12 Time Management Mistakes That Set You Up for Failure

https://www.entrepreneur.com/article/333170

entrepreneur.com

11

Key Ideas

There isn’t enough time

Complaining that you don’t have enough time is not getting to the root problem. It may be that you’re lousy at time management. Admit to yourself that there is enough time -- you just don’t know how to get the most out of it. Now, you can start improving your time management.

A one size fits all solution

Instead of relying on a tool with all the bells and whistles, find out where you’re struggling and what’s essential for you. 

For example, if scheduling is taking you away from product development, then you could use a scheduling tool that uses machine learning to automate most of your scheduling needs. If you’re wasting too much time on email, then consider using a tool to help tame your inbox.

Less anxiety

Time management is only useful when you’re aware of your limitations and don't let the system dictate your entire life. 

In other words, when you don’t tread lightly (especially at first), time management can add more stress to your life.

Time needed for specific tasks

When you set a time limit on certain things that have to be done, this can motivate you to get get them down within that period. However, sometimes it’s just not possible, and you have underestimated the actual time this task takes you to complete.

Track your time for a couple of weeks. Jot down your daily activities and calculate how long each will take and see if you are realistic.

Focusing on time management

... instead of task management.

Task management is more effective than time management because these tasks come with clear limits which make them easier to manage. You know when you’ve started work on a project -- and you know when you’ve completed the job. It’s one limited thing at a time.

Grabbing the low hanging fruit

Just because you get a bunch done doesn’t mean your time was spent or focused where you would be making the best progress.

To be the most effective -- don’t pick the "low-hanging fruit," meaning the easiest. Devote your energy to your most important priorities which work will provide you with the most production.

Having to wake up early

If you get up early -- you can't stay up all night. You have to have a bedtime schedule -- and stick with the routine. 

If you’re not a morning person, then don’t force yourself to change. Instead, base your schedule around your specific ultradian rhythms.

Reducing your workload

Thanks to Parkinson’s Law, if we have availability in our schedule, then we’re going to fill it up. You may have cranked out your most important tasks for the day, but, now you’re just going to add even more items to your calendar or to-do list so that there aren’t any blank spaces.

Follow the 80/20 productivity rule. Instead of loading up on even more work, use those open slots to meditate, daydream, or add flexibility to your schedule.

Get everything done

There’s a misconception that if you get as much work done as quickly as possible, you’ll be more effective and productive.
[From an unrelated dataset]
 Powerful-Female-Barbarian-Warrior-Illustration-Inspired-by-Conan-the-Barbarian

This notion that you've done more only works temporarily before you burn yourself out. 

Working through lunch, putting in 60-hour workweeks, and never taking a vacation will only go so far. You need to pace yourself and take breaks to rest and recharge.

Never waste your time

It’s okay to waste time now and then. That doesn’t mean binge-watching Netflix. 
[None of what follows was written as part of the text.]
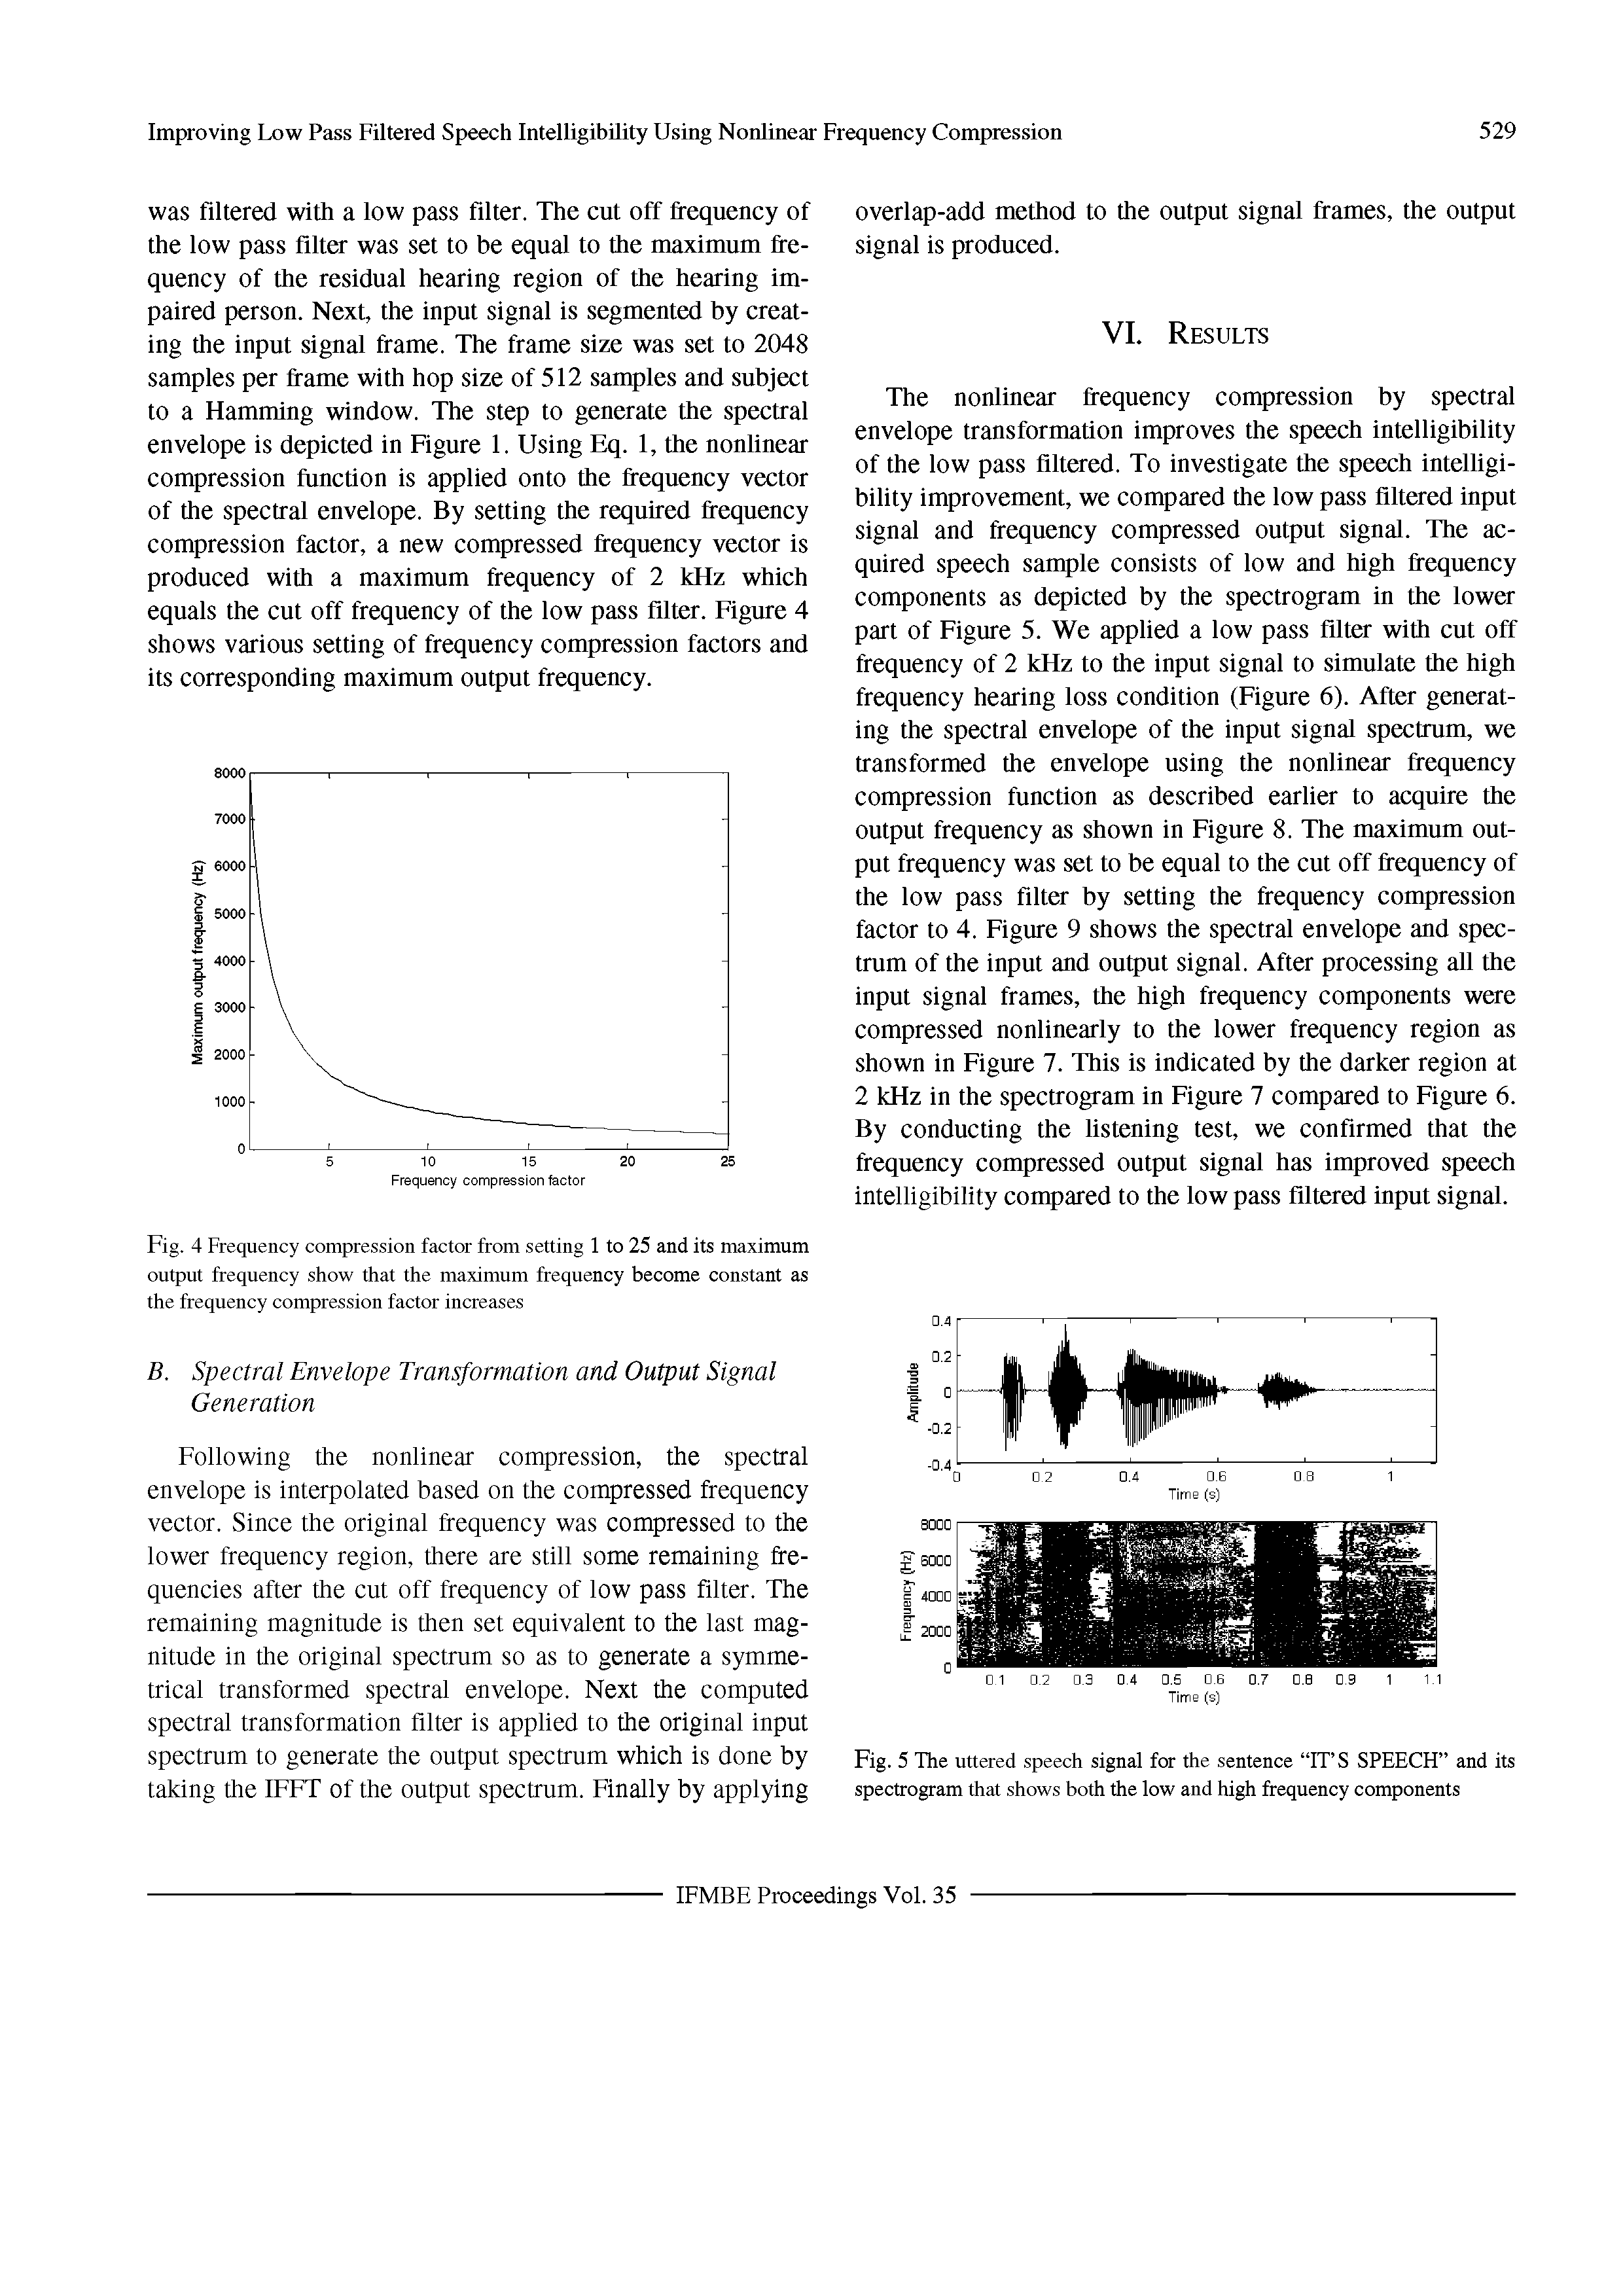 Fig. 4 Frequency compression factor from setting 1 to 25 and its maximum output frequency show that the maximum frequency become constant as the frequency compression factor increases...

Instead of working all day -- take some time to read, listen to a podcast, exercise, or catch-up with an old friend or colleague. It may sound counterproductive. But, wasting time can be an asset preventing burn out. 

Not taking control

Start saying “no” more often. If you say “yes” to every request of your time, you’re not only spreading yourself too thin -- allowing other people’s priorities to get ahead of your own.

Set boundaries on when it’s time to work and when it’s not. If you already have plans, don’t try to commit to something else in addition to what’s already in your calendar.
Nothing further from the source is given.